Although there are many similarities between broadcasting over the airwaves and Internet streaming, the primary difference is in the listener's electronic reception device. An AM or FM receiver acquires the broadcast signal and converts the radio waves into audio output. When the listener uses the Internet to acquire radio programming, a computer is used to capture the digitally encoded stream and the computer decodes the series of ones and zeros into audio output.

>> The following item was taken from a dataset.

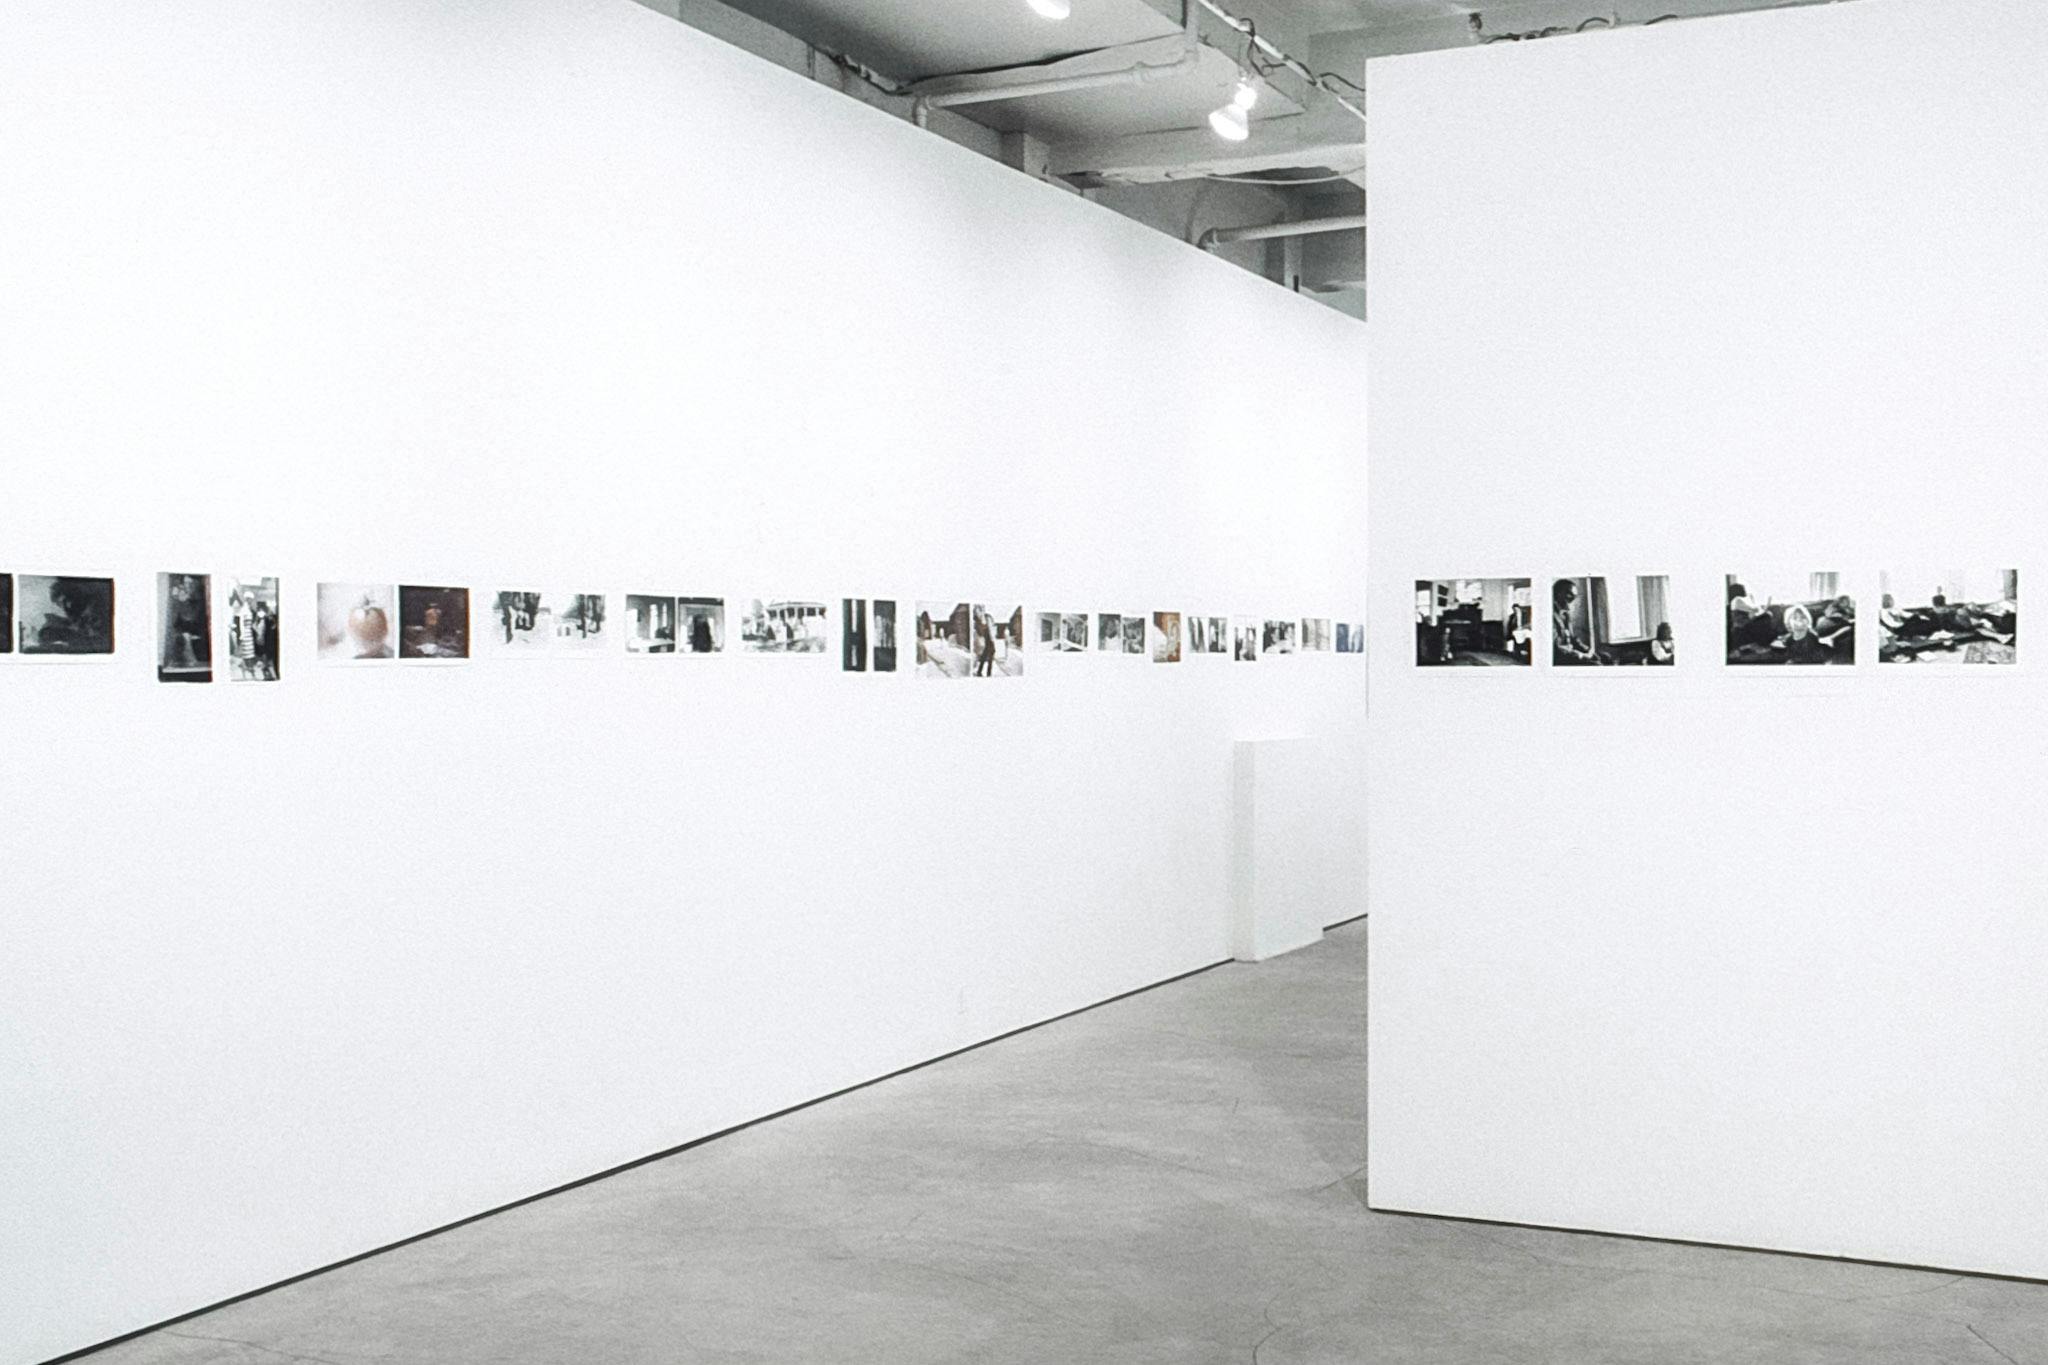 The view of a gallery space, interrupted by a wall creating a median. Across the walls, there are several colour and black and white photos arranged in a line. The photos vary in size and orientation.

Sounds simple right? Surprisingly, by today's standards of difficulty, streaming audio is fairly simple technology. Streaming a broadcast on the Internet is far less complicated than broadcast radio. The demand for higher bandwidth streams and better fidelity will impact online broadcasts to a much greater degree in the future, but today the state-of-the-art is still rudimentary in nature. Taking a rather robust broadcast-quality signal and compressing it down to a 16kb/s or 20kb/s stream might make an audio engineer cry. On the other hand, producing a great sounding Internet experience in spite of the signal compression is where a master of the airwaves can really shine.
In any event, the decision to webcast may have already been made or will be made in the near future. So how do you manage the implementation of this wired broadcast technology and integrate streaming into your already demanding responsibilities?
First, you assemble the equipment and software required. You will need a personal computer, an audio capture card and an uninterruptible power supply (UPS). Download the free Microsoft Windows Media Encoder to the webcast personal computer.
You will also need unobstructed access to the Internet with an always-on Internet provider that offers a T-1, DSL, ISDN or cable modem connection.
You will need a static IP address or if you have a dynamic IP connection, you will require the services of a free IP address forwarding service. This is the short list of equipment and software required, but as easy as it sounds the devil is definitely in the detail.
While I focus on the Windows Media Systems technology, other operating systems can be used, such as Real Media, which are similar and may use various algorithms to code and decode the audio. Each codec system has its own strengths and weaknesses.
The subject of which technology is better has caused many an argument among knowledgeable streaming media gurus. We have chosen the Windows Media System because of the widespread distribution of the Windows Media Player and the non-scientific observation that webcasting in this technology appears to come with a lower overall cost of content delivery (COCD).
Webcasting a live radio program is all about processing speed. The faster the central processing unit (CPU), the better the overall digital output quality and the less likely other applications or running multiple streams will have a degenerating effect on the audio output. A CPU speed of 333MHz should be considered the bare minimum requirement for even a single 16kb/s bit-rate stream. I personally recommend a 2GHz or faster processor or even dual processors. I don't think there is such a thing as too fast.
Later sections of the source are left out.